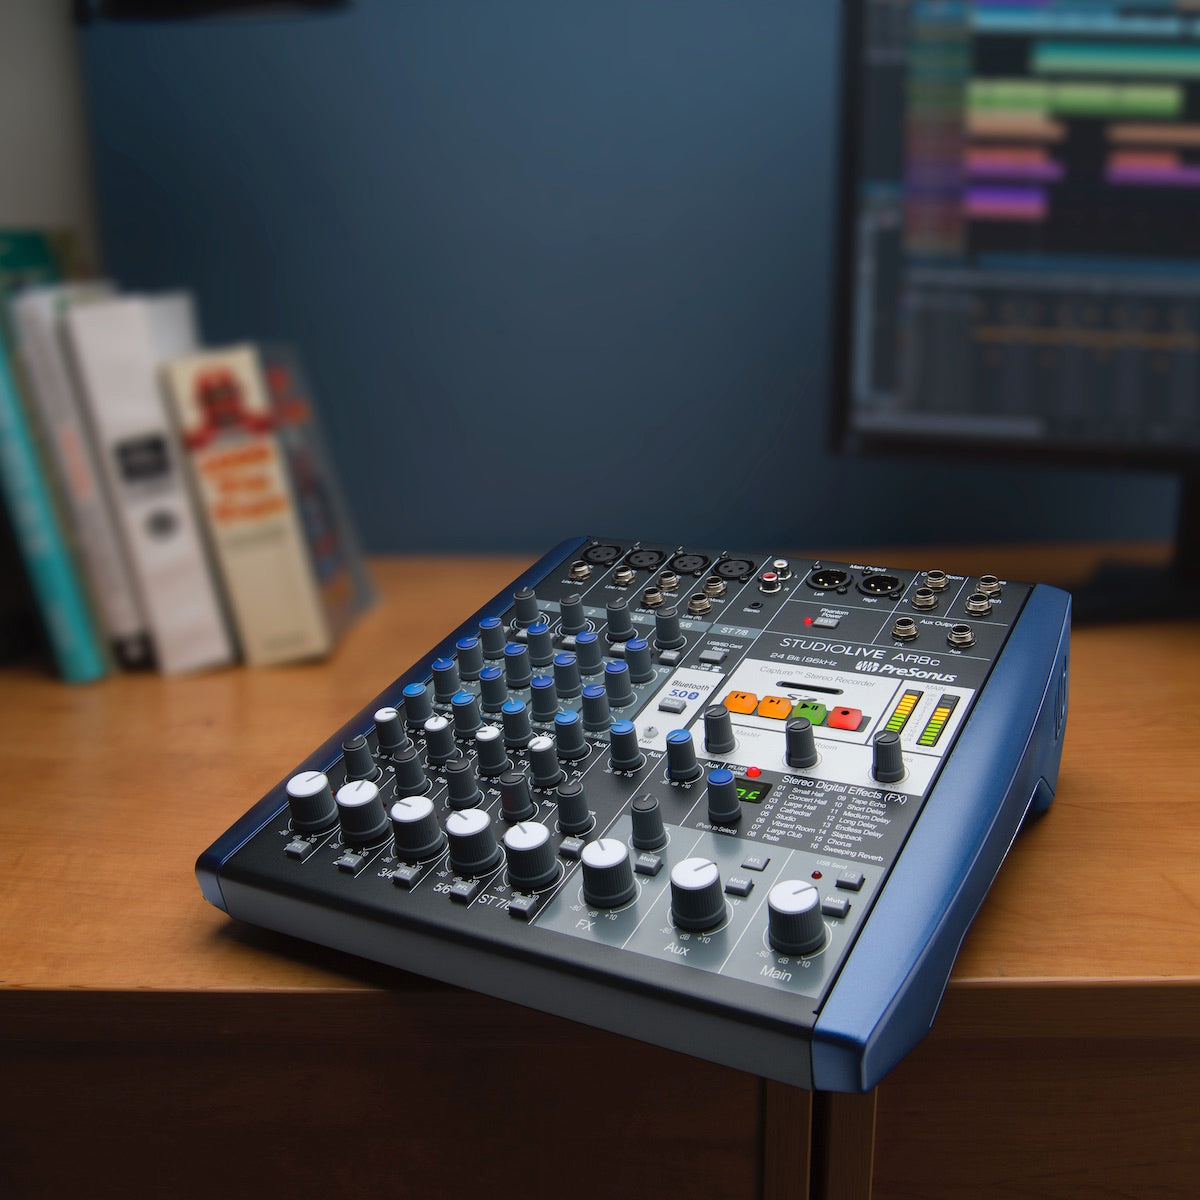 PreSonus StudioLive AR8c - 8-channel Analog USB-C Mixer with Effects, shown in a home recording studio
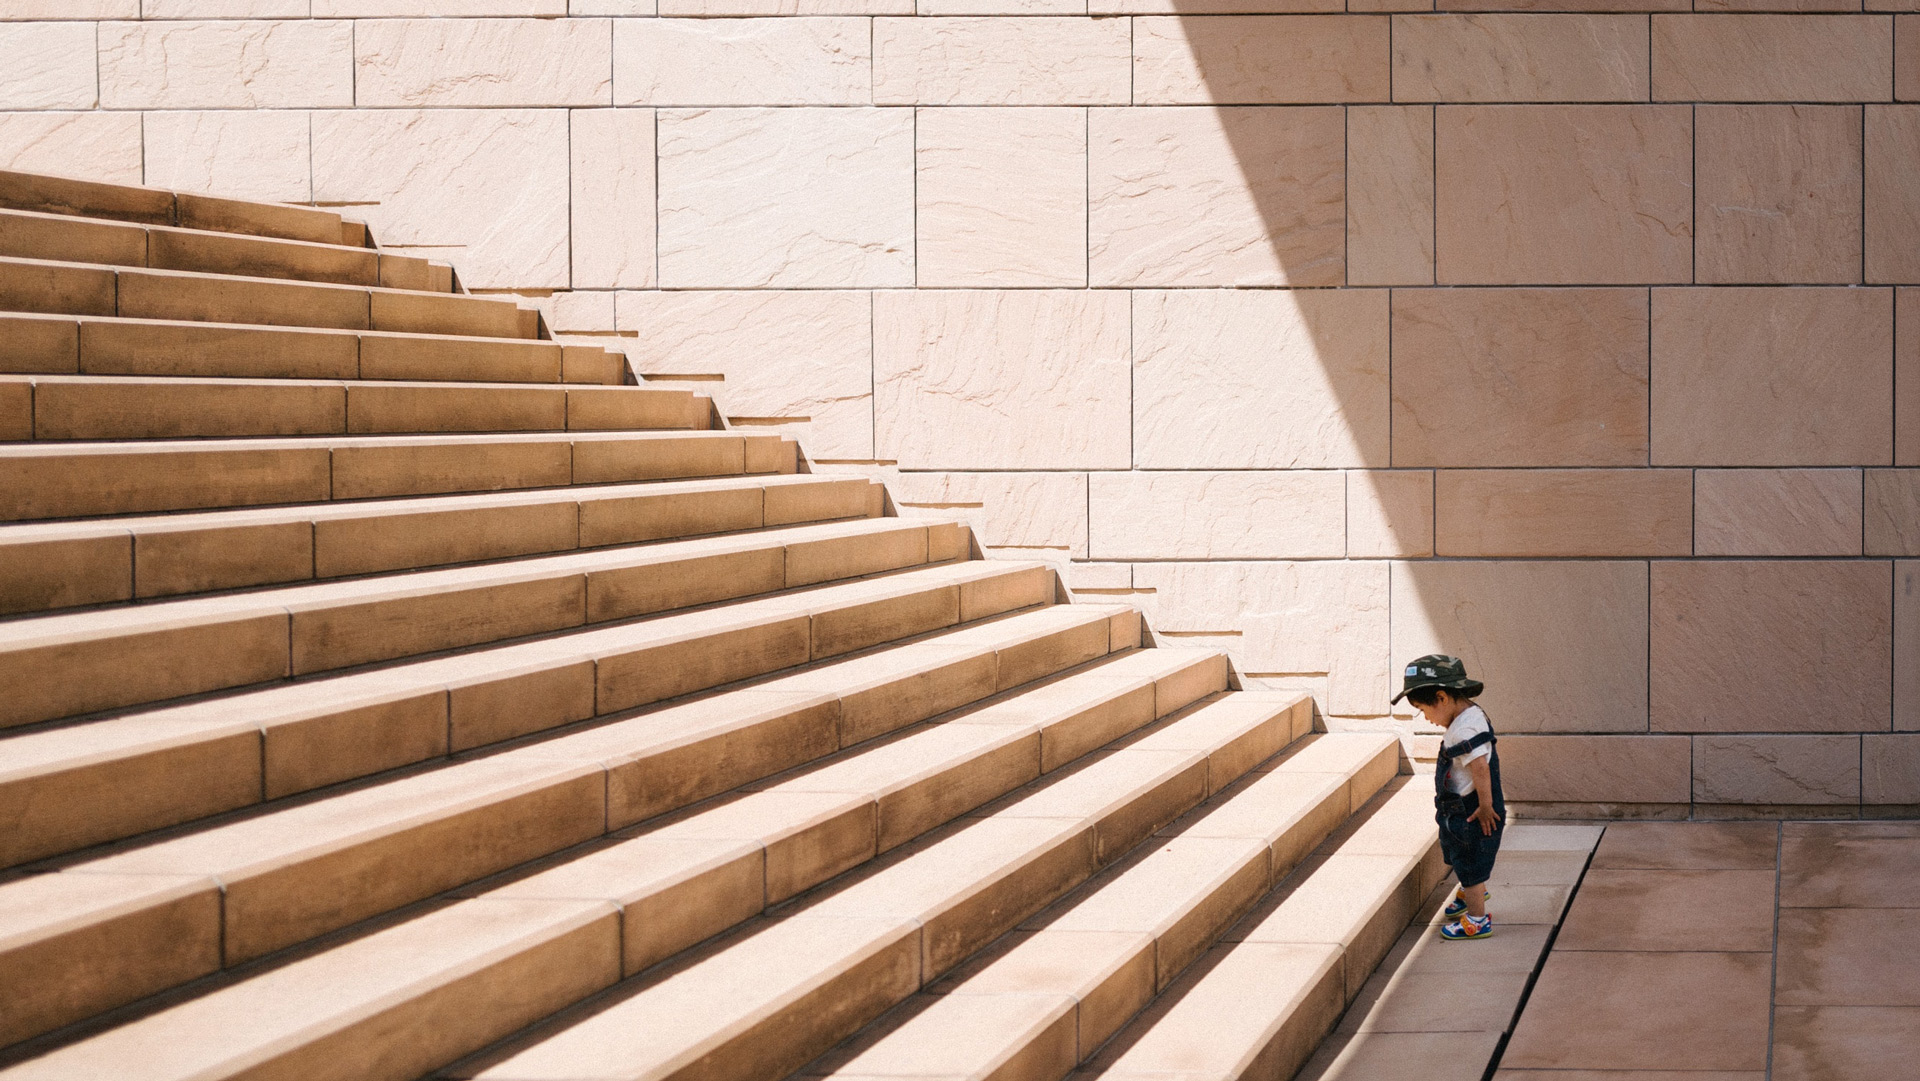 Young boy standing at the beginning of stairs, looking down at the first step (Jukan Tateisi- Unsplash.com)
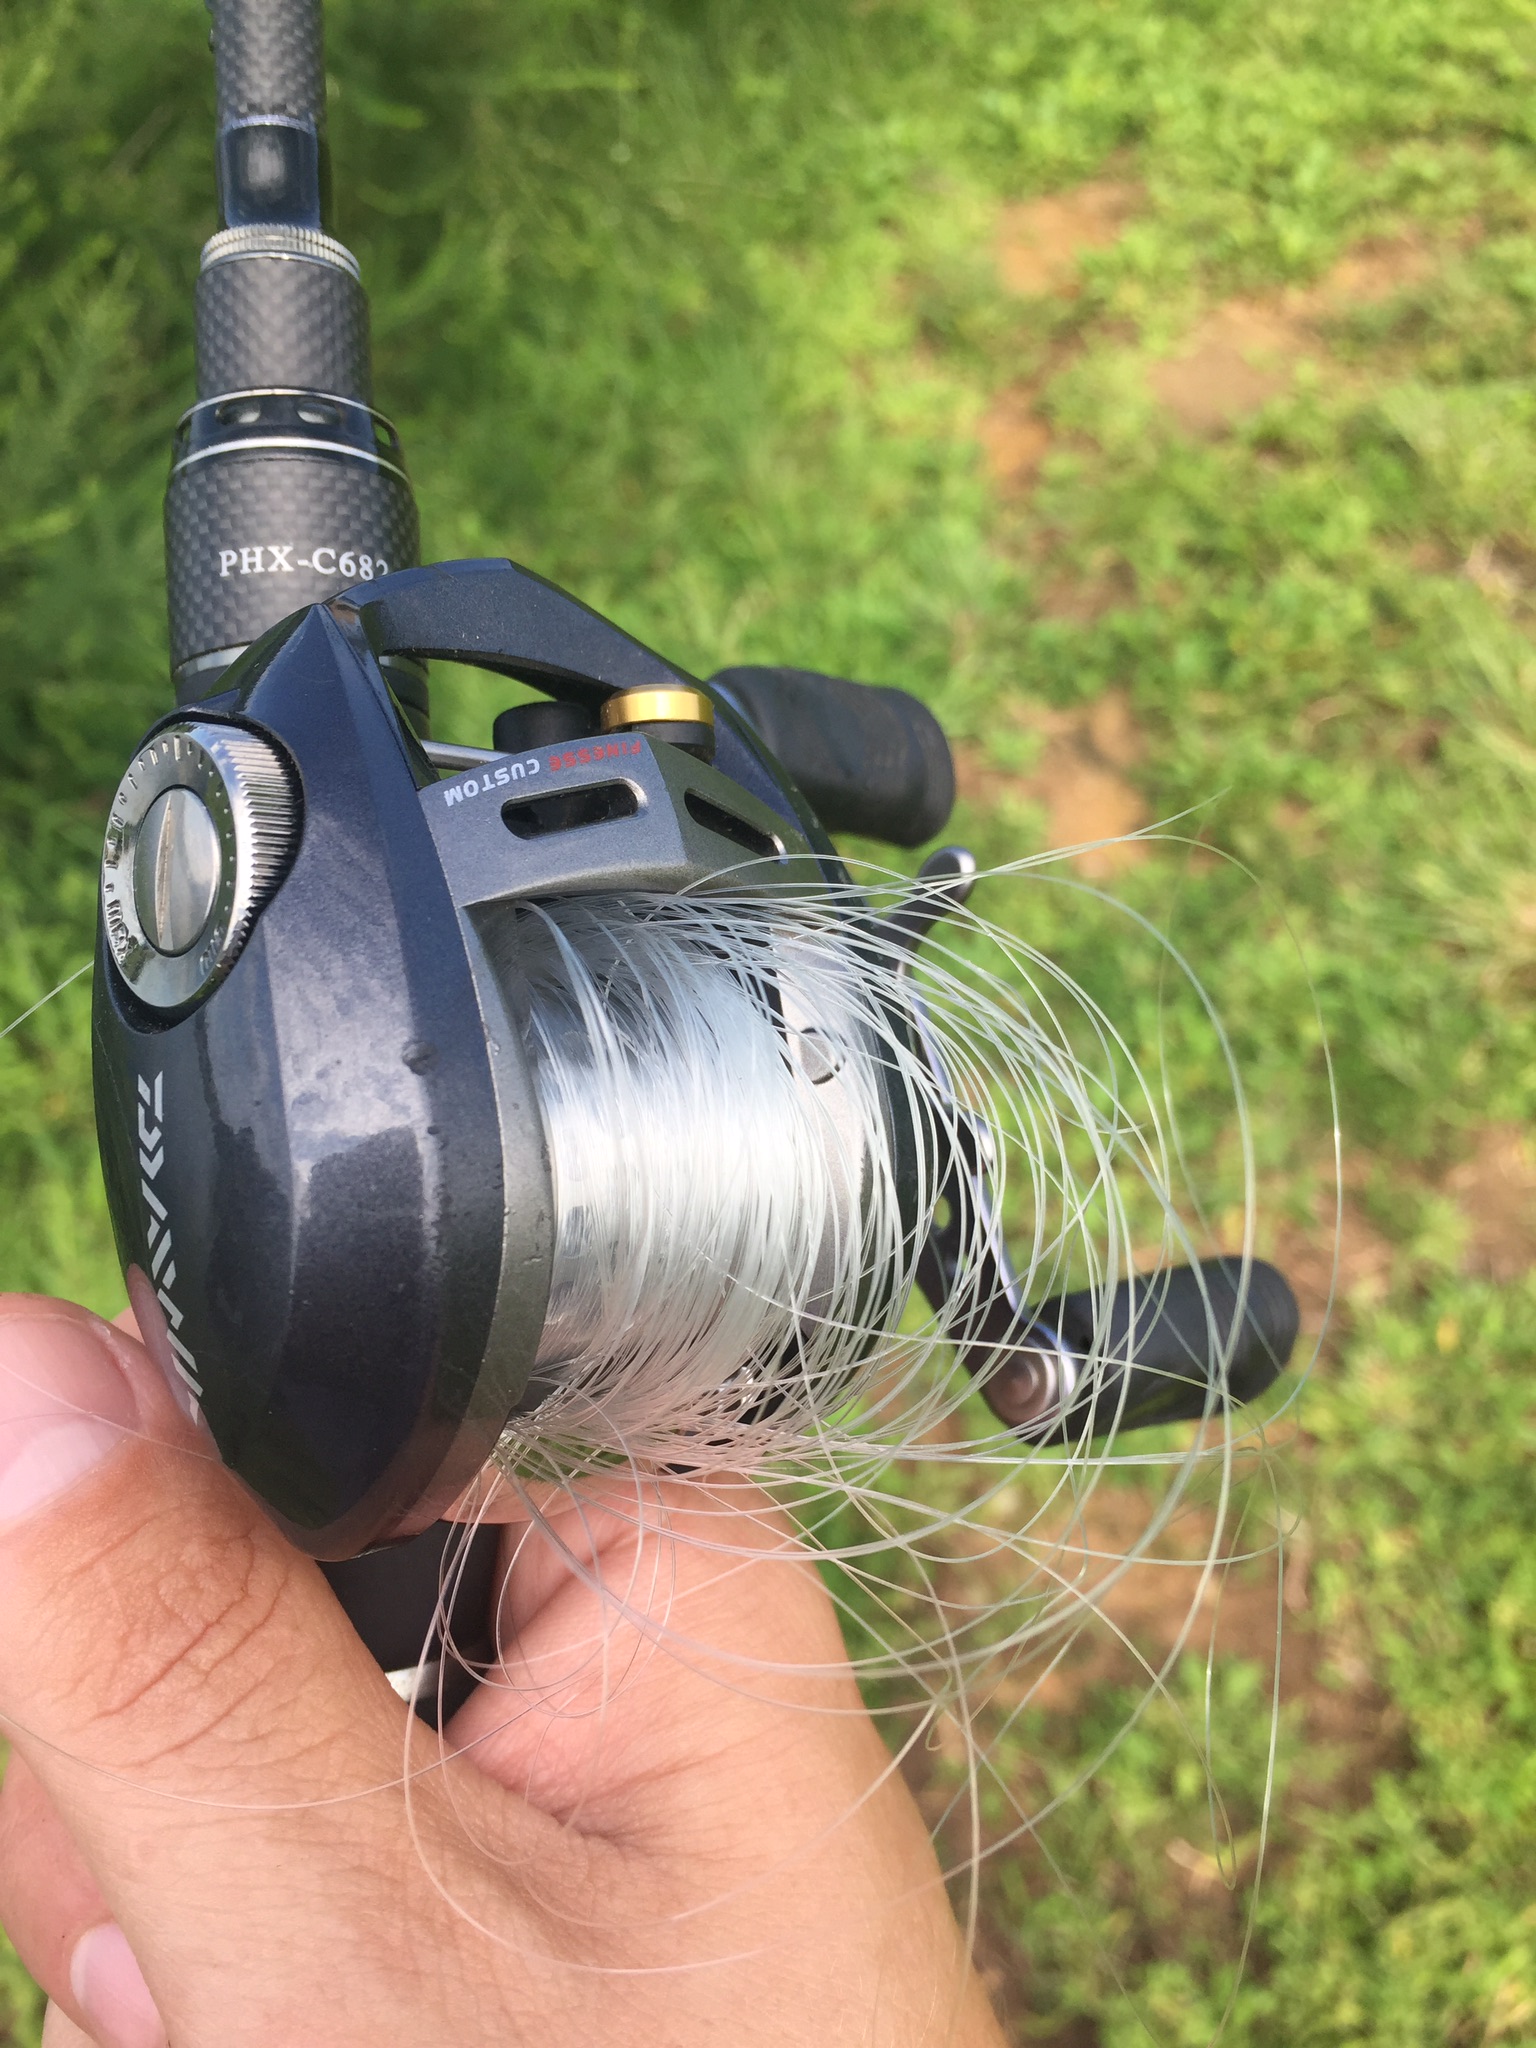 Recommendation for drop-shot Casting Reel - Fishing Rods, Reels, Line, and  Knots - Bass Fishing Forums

__EXERCISE DETAILS__
Reproduce the data in full. Do not carry over any picture.

__SOLUTION FOR THIS EXERCISE__
 PreSonus StudioLive AR8c - 8-channel Analog USB-C Mixer with Effects, shown in a home recording studio
 Young boy standing at the beginning of stairs, looking down at the first step (Jukan Tateisi- Unsplash.com)
 Recommendation for drop-shot Casting Reel - Fishing Rods, Reels, Line, and  Knots - Bass Fishing Forums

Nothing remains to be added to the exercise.